Next, Table 2 reports the performance evaluation of the proposed ensemble deep learning and machine learning model for multi-class fake news classification, along with a comparison against individual benchmark models and a LSTM. The primary metrics used for evaluation were Accuracy and F1 score, chosen for their ability to provide a balanced assessment of classification performance, particularly in multi-class scenarios where class imbalance might exist. As seen in Table 2, the proposed ensemble learning model outperforms the benchmarked models on both accuracy and F1 scores. The performance of the benchmarked models is similar to what is reported in previous work. The original paper on the LIAR dataset reports accuracies ranging from 0.20 to 0.27 for LSTM and hybrid convolutional neural network models on the with six-class predictions⁹. Although the ensemble learning model of this study performs better than the individual models, its absolute performance is still modest. The only other study that has examined a multi-class classification using a similar hybrid approach on the LIAR dataset reports an accuracy of 0.42⁷.

Model	Accuracy	F1 Score
BERT	0.26	0.25
RoBERTa	0.20	0.18
BILSTM	0.20	0.20
LSTM	0.19	0.20
Ensemble learning model	0.40	0.41

Table 2: Benchmark model comparisons

Analyzing the model performance using the confusion matrix

In Table 3, the confusion matrix from the final classification layer is reported. The confusion matrix shows that the model struggles most with telling apart similar categories, like “True” vs “Mostly-True” or “Half-True” vs “Barely-True,” which makes sense because these labels are similar and even people would have trouble separating them. The “Pants-on-Fire” category was the hardest for the model to identify correctly because there were way fewer examples of it in the dataset compared to the other categories. The categories like “Half-True” and “Barely-True” caused the most confusion because they are naturally subjective. However, the model did better at recognizing “True” or “Pants-on-Fire” statements. When it misclassified, it picked an adjacent category rather than something completely different.

	Predicted
Actual	True	Mostly True	Half-True	Barely True	False	Pants-on-Fire
True	1061	605	346	173	86	86
Mostly True	456	990	456	260	130	65
Half-True	255	447	825	447	255	128
Barely True	134	267	467	754	468	267
False	70	139	278	487	896	487
Pants-on-Fire	30	30	59	118	206	608

Table 3: Confusion matrix for the ensemble learning model

Table 4 presents the performance of the model on an individual class basis. Looking at the class-wise metrics table, the performance of truthfulness categories varied in the model. The most striking pattern is how class imbalance drives performance differences. Pants-on-Fire shows the highest recall (0.578) but relatively low precision (0.371). Despite having only 1,051 examples compared to 2,357 for other classes, the model identifies a higher percentage of true Pants-on-Fire statements. However, it also frequently misclassifies other statements as Pants-on-Fire, leading to lower precision. The middle truthfulness categories like “Half-True” and “Barely-True” struggled with low F1 scores (low precision and low recall) because it is difficult to agree on what makes something “Half-True” versus “Barely-True.” The “True” and “False” categories performed slightly better perhaps because they have distinct language patterns.

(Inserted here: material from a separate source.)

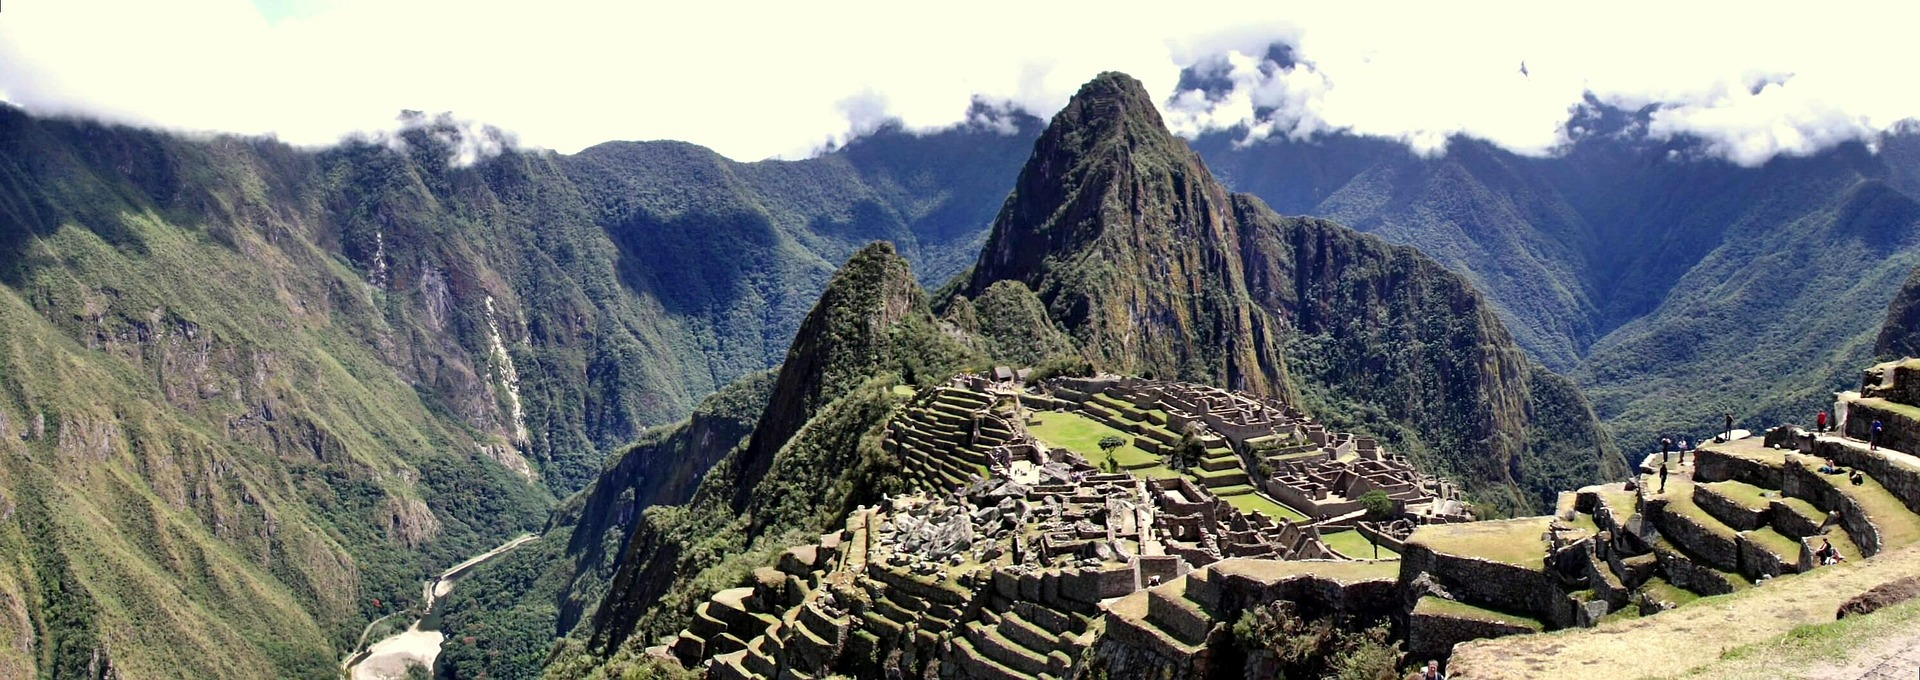 Le village du Machu Pichu

The per-class accuracy is calculated as: (True Positives + True Negatives)/(Total Statements)

Overall, the class-wise F1 scores ranged from 0.32 to 0.48 and the class-wise accuracies ranged from 0.75 to 0.88, showing that some categories were easier for the model to identify than others.

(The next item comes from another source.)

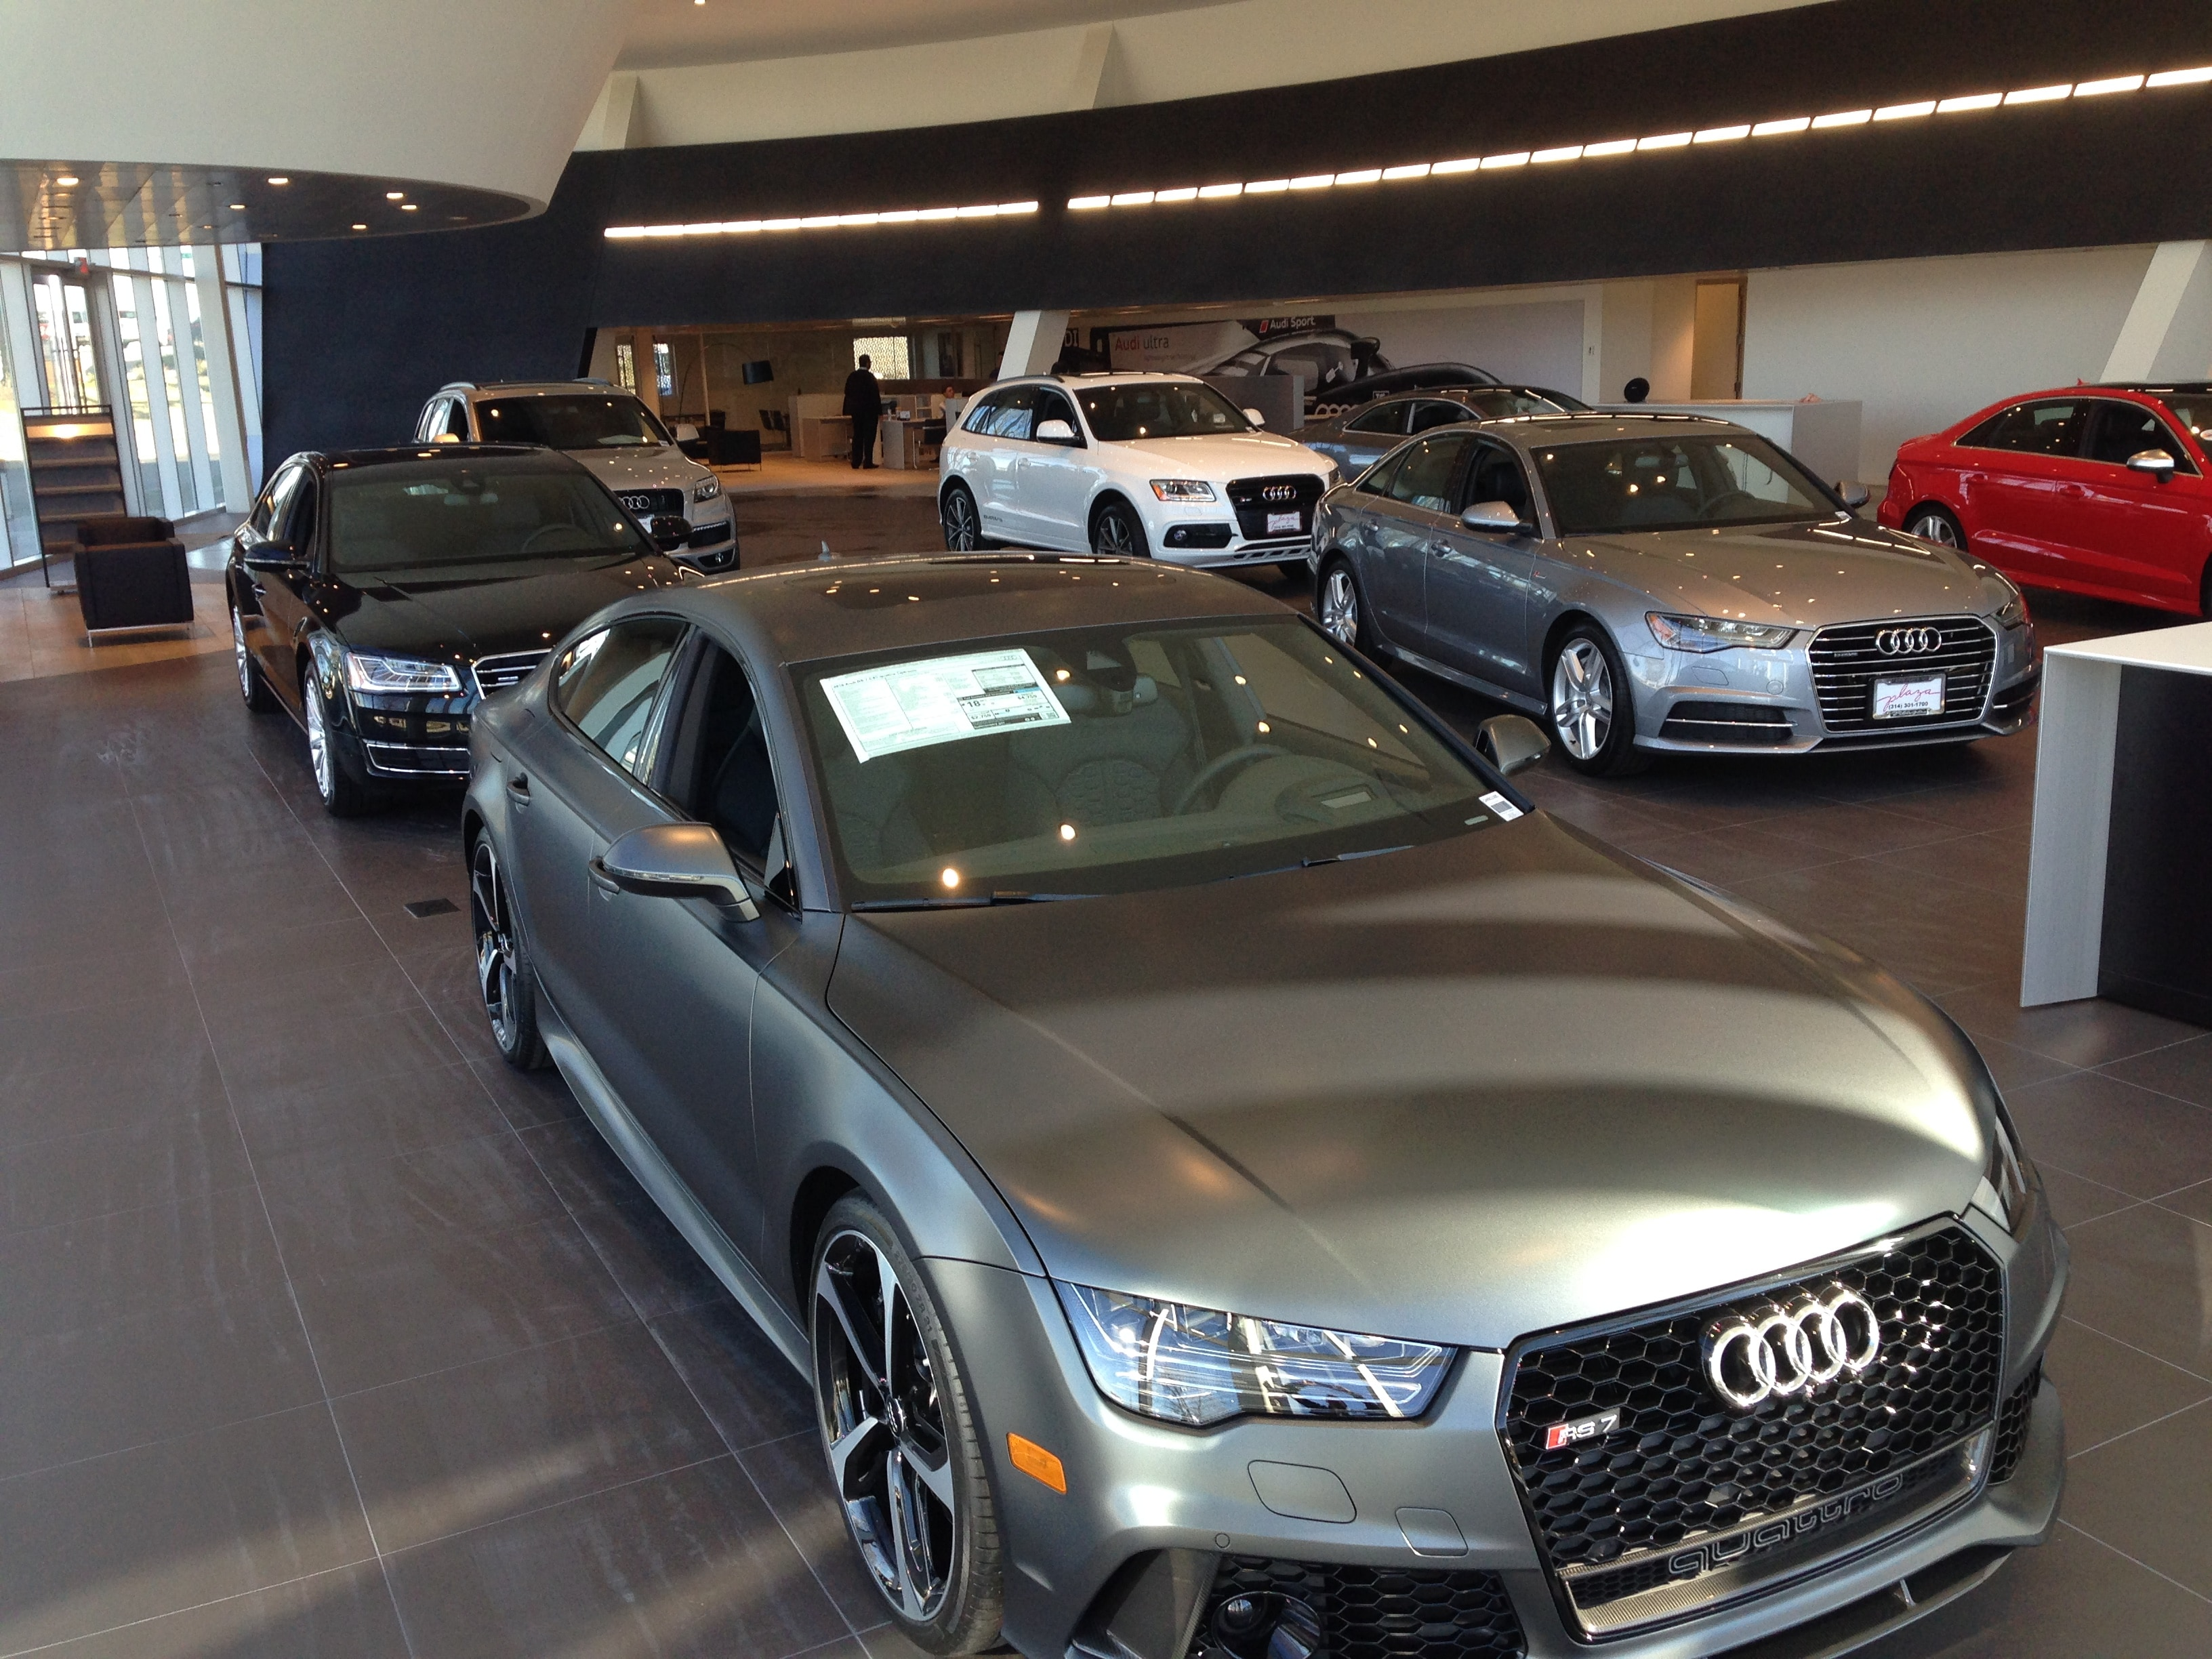 Audi Dealership St Louis Audi Creve Coeur - Plaza audi

Class	Precision	Recall	F1-Score	Accuracy
True	0.529	0.450	0.486	0.825
Mostly True	0.400	0.420	0.410	0.777
Half-True	0.339	0.350	0.345	0.755
Barely True	0.337	0.320	0.328	0.759
False	0.439	0.380	0.407	0.797
Pants-on-Fire	0.371	0.578	0.452	0.885

Table 4: Class wise ensemble learning model performance

To further analyze the performance of the individual deep learning models and the LightGBM model, the study explored the accuracy and F1-scores of a subset of models. Table 5 presents the results of these combinations. Looking at the results of Table 5, it can be seen that the LightGBM model improves the accuracy and F1-score of the BERT model by 6% to 8%, the performance of the RoBERTa model by 5%-8% and the performance of the BiLSTM model by 4%. The LightGBM model is thus helping improve the performance of the individual deep learning models although to different extent. The varying improvement levels likely reflect differences in how well each model’s embeddings align with the fake news detection in the LIAR dataset and how effectively LightGBM can exploit their representational patterns. The improvement in accuracy and F1-scores by LightGBM is because it can learn complex rules using abstract embedding features, such as combining multiple BERT dimensions that collectively capture subtle linguistic patterns associated with different truthfulness levels.

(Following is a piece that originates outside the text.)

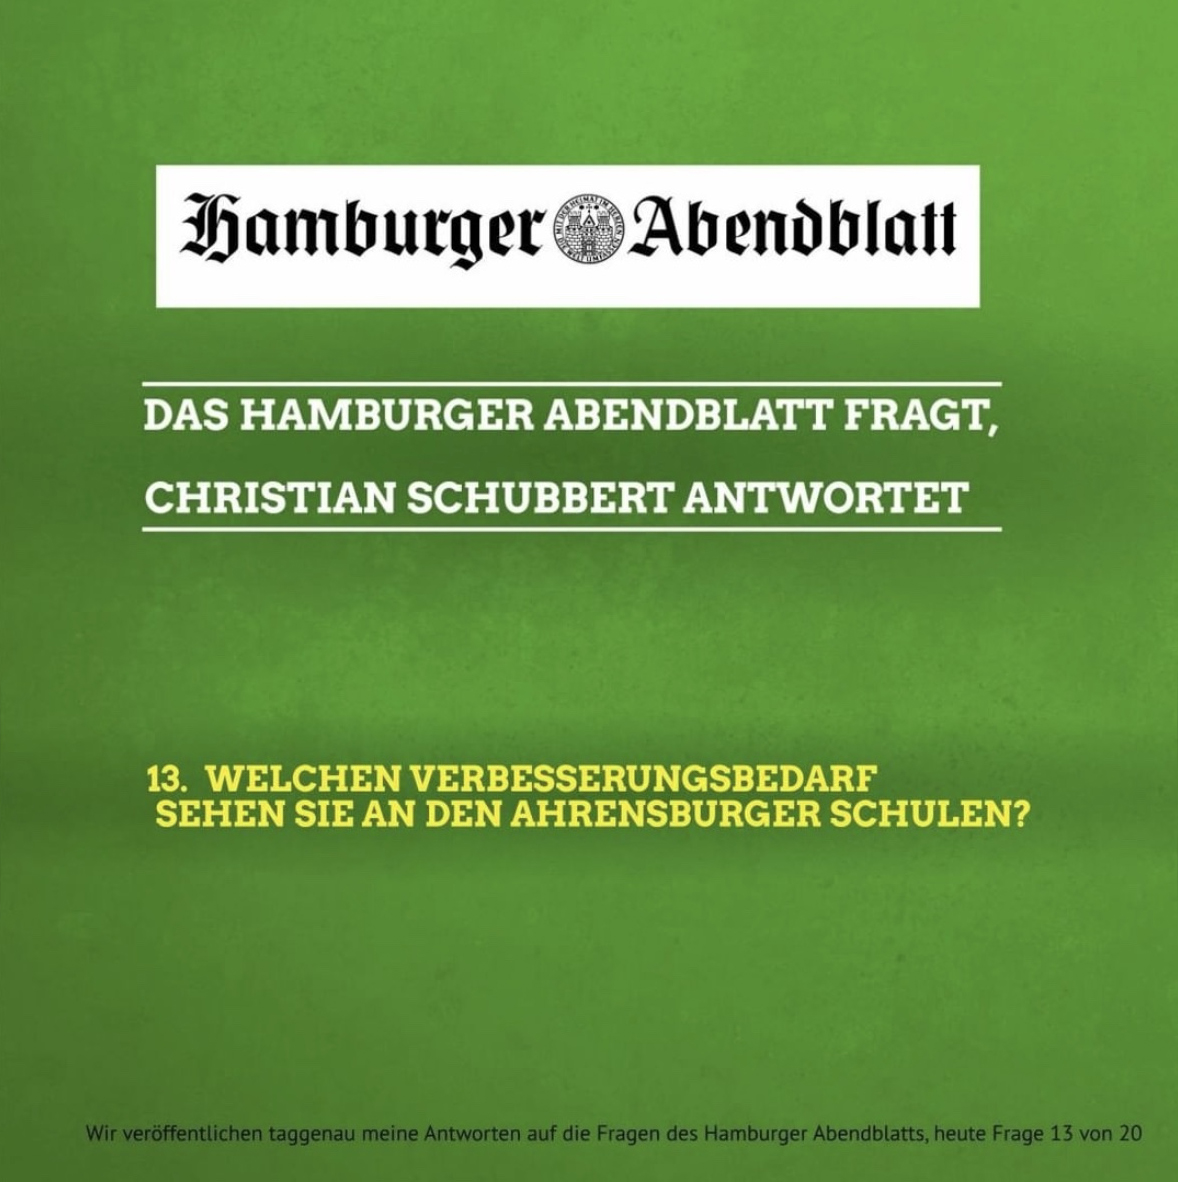 Das Hamburger Abendblatt fragt, Christian Schubbert antwortet: 13. Welchen Verbesserungsbedarf sehen Sie an den Ahrensburger Schulen?

Model	Accuracy	F1-Score	% Improvement over Baseline
BERT + LightGBM	0.32	0.33	6-8%
RoBERTa+LightGBM	0.25	0.26	5-8%
BiLSTM+LightGBM	0.24	0.24	4%

Table 5: Assessing Individual Model Contribution to the Overall Performance

Discussion

The proposed gradient boosting ensemble model achieved accuracy and F1 scores of 0.40 and 0.41 respectively. It is acknowledged that the performance improvement of the hybrid learning approach is modest. However, it is important to interpret the results within the nuanced context of multi-class classification on the LIAR dataset. The task involves predicting one of six fine-grained truthfulness labels, ranging from true to pants-fire, based on short political statements with limited context and not much difference in language semantics. It is worth noting that accuracy and F1 scores of models that predict fake news in terms of either true or false categories (i.e., binary classification) is significantly higher. However, fake news varies in terms of its truthfulness or falsehood necessitating the model to discriminate across categories. Given the complexity of multi-class classification, a baseline accuracy from random guessing would be approximately 16.7% (1/6), making scores in the low 40% competitive.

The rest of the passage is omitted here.